CMS has put in place an ongoing process for assessing the accuracy of
quality data submitted by hospitals, but the process has limitations.
Although CMS checks the accuracy of data electronically as they are
submitted and through an independent audit conducted by CDAC, the latter
process is limited by the selection of only five cases per quarter per
hospital, regardless of the hospital's size. Most hospitals had high
baseline accuracy scores that were statistically certain. However, for
about one-fourth to one-third of all the hospitals that CMS assessed for
the first two calendar quarters of 2004, CMS's determination as to whether
the hospital met its accuracy standard was statistically uncertain. This
was due primarily to the small number of cases selected for an audit.
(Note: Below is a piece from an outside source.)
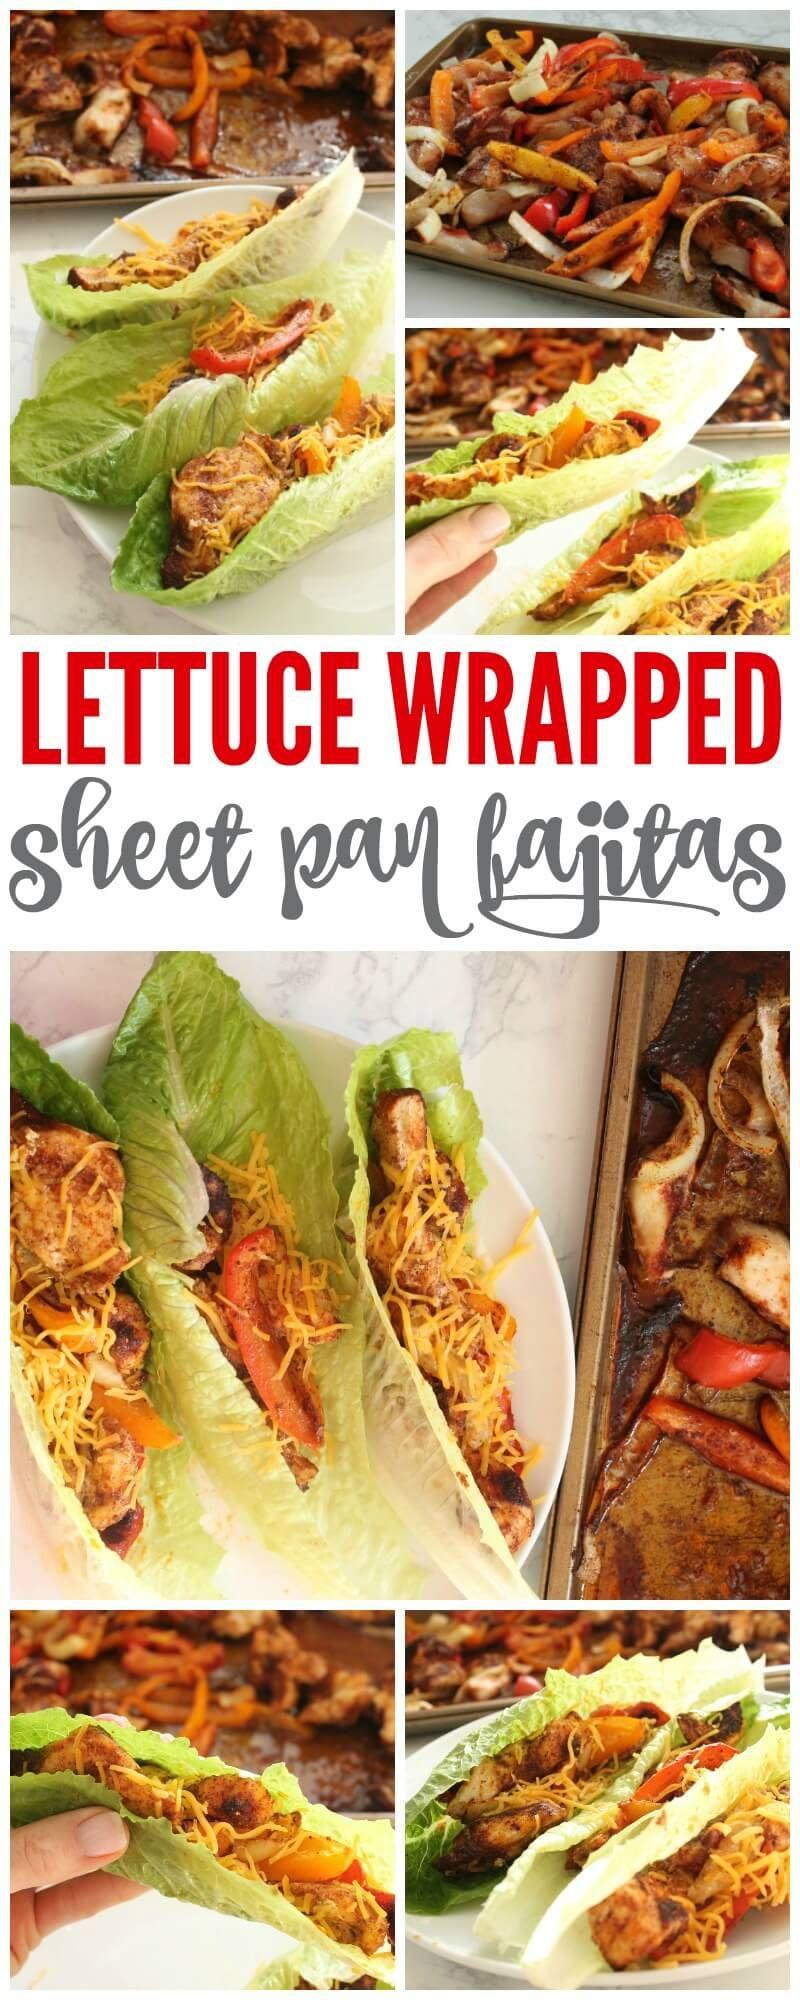 Lettuce Wrapped Sheet Pan Fajitas with Homemade Fajita Seasoning #homemadefajitaseasoning

Although CMS has stated its intention to look at more cases by pooling
reabstraction results from more than one calendar quarter, all of the
hospital accuracy reports that it has generated to date have been based on
a single quarter of data. Officials from other reporting systems that
collect clinical performance data told us that they also use an
independent audit to check data accuracy, but generally sample a larger
number of patient medical records, either by sampling a percentage of
total cases submitted or by identifying a minimum number of cases in the
sample. In addition, most other reporting systems focused their audits on
a selected number of facilities.
In contrast to CMS's establishment of an ongoing process for assessing
data accuracy, the agency has not put in place an ongoing process to check
the completeness of the data that hospitals submit. Because of the
purposes for which these data may be used, there could be an incentive for
hospitals to selectively report data on cases that score well on the
quality measures. With no ongoing way to check completeness, CMS does not
know whether or how often hospitals submit incomplete data. We believe
this is a significant gap in oversight. The process used for the fiscal
year 2005 annual payment update compared hospital submissions to Medicare
claims data, but as CMS has noted, this did not provide a comparable
assessment of each hospital's data, even for Medicare patients alone.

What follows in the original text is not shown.